INFORMATION SUPPLIED:
####

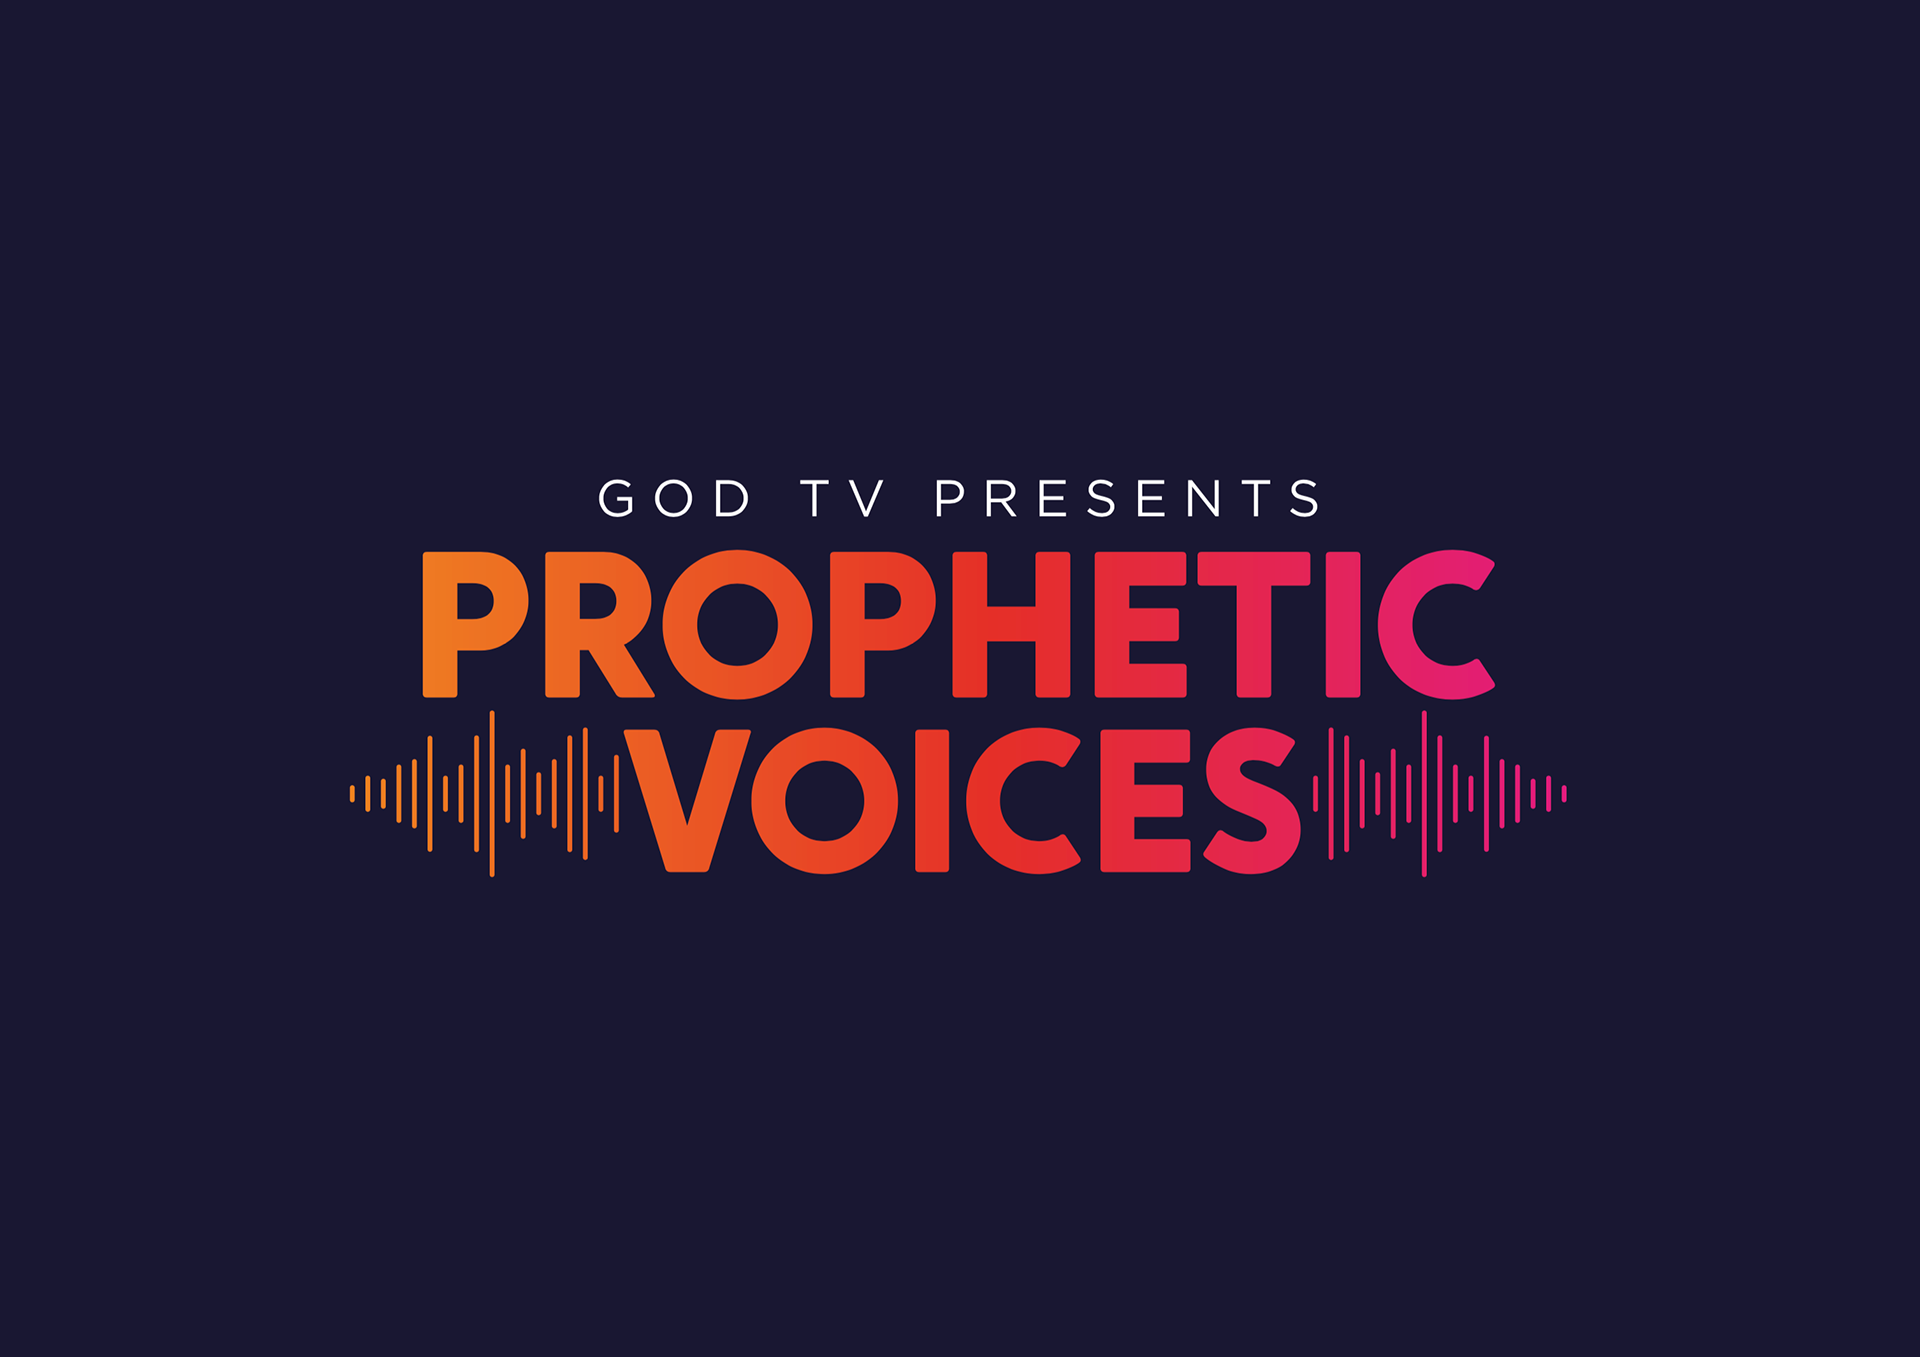 the rise of the prophetic voice pdf free download
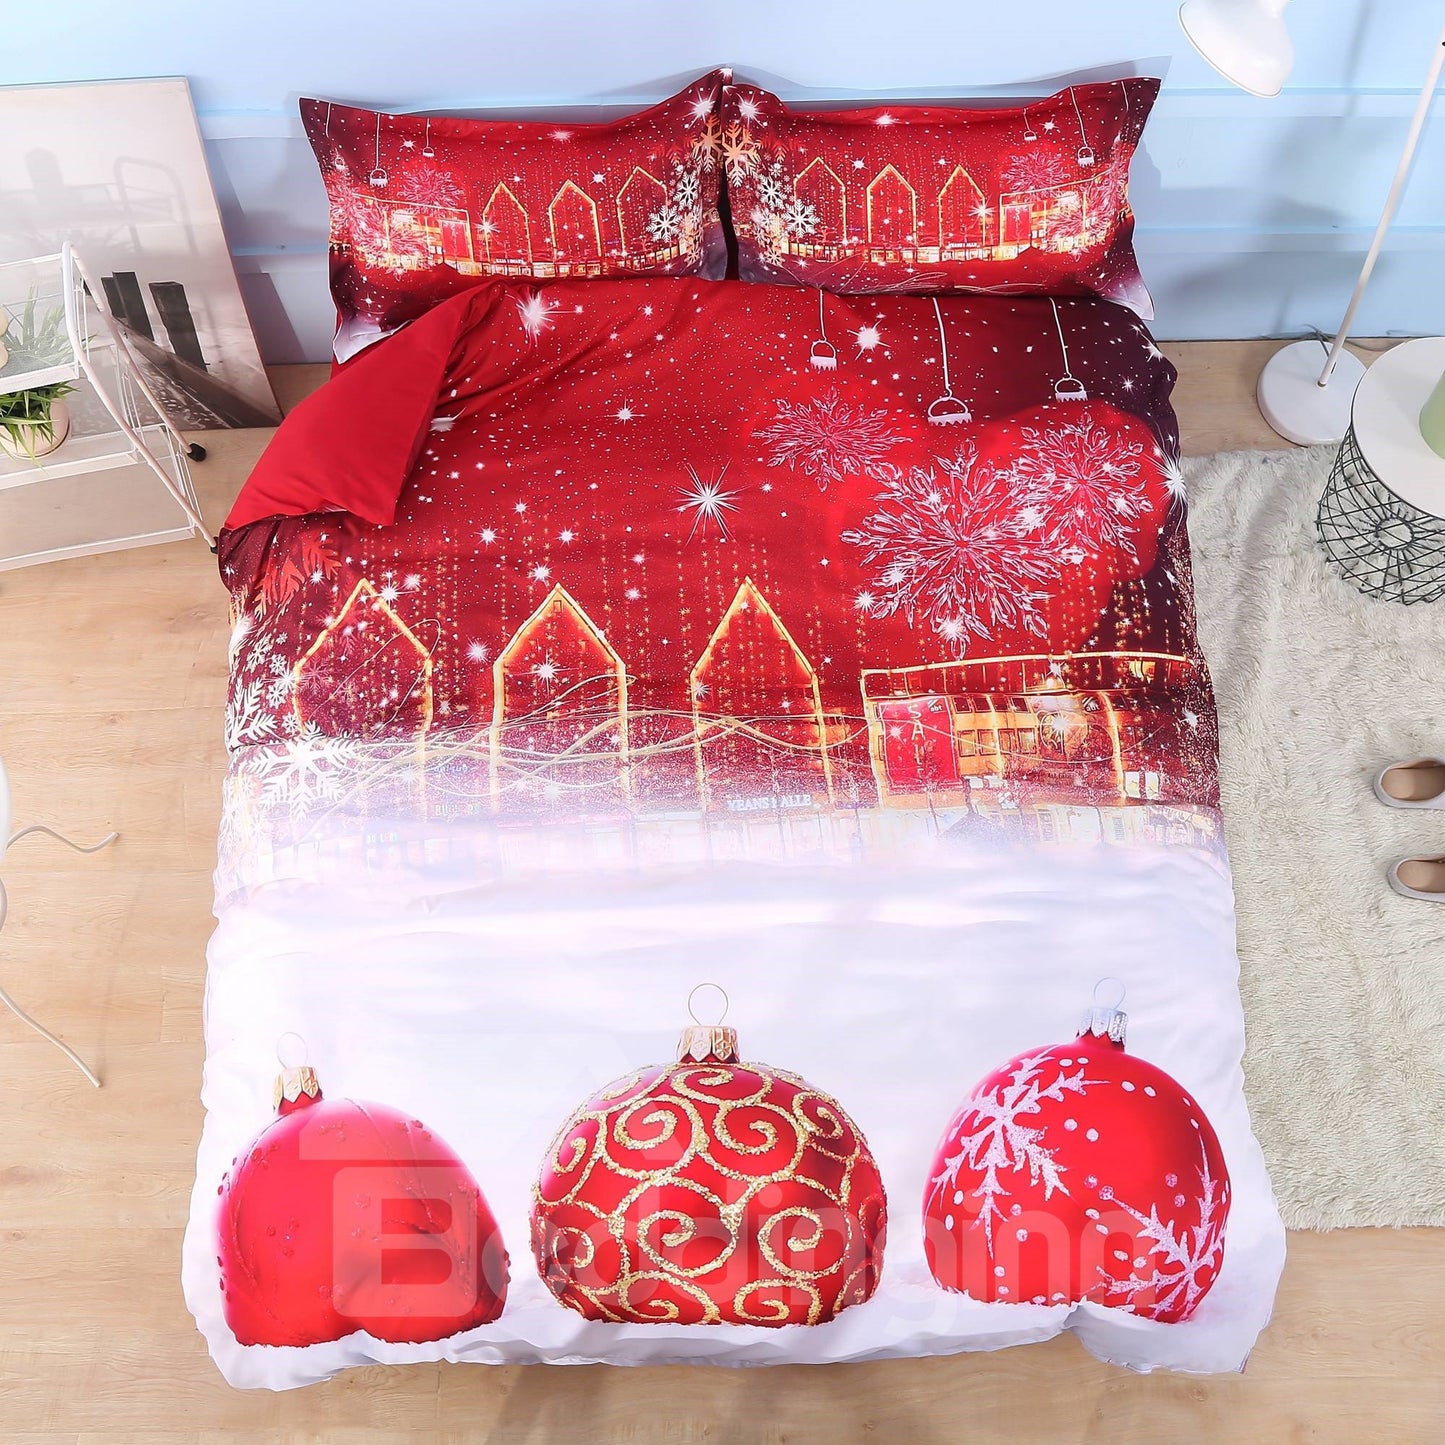 Red Christmas Ball Ornaments 3D Printed 4-Piece Polyester Bedding Sets Duvet Covers Colorfast Wear-resistant Endurable S (King)
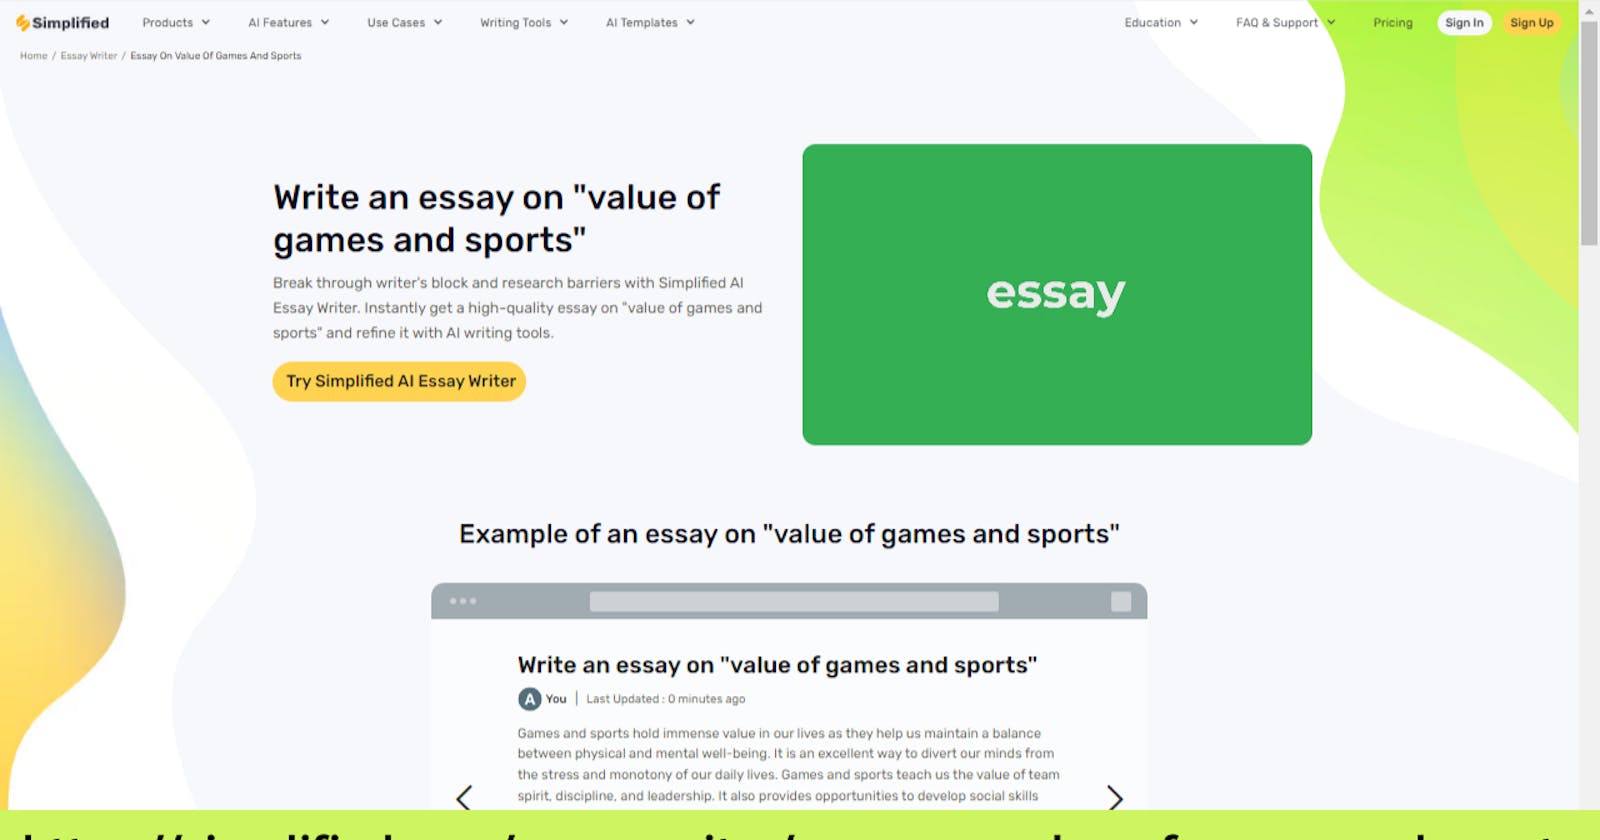 Enhance Well-being through Games and Sports with the Essay Writer Free Online

####

ABOUT THIS EXERCISE:
Counting the line with "Red Christmas Ball" and the last line of the data above, transcribe those two lines and every line between them exactly, without the pictures.

EXERCISE ANSWER:
 Red Christmas Ball Ornaments 3D Printed 4-Piece Polyester Bedding Sets Duvet Covers Colorfast Wear-resistant Endurable S (King)
 Enhance Well-being through Games and Sports with the Essay Writer Free Online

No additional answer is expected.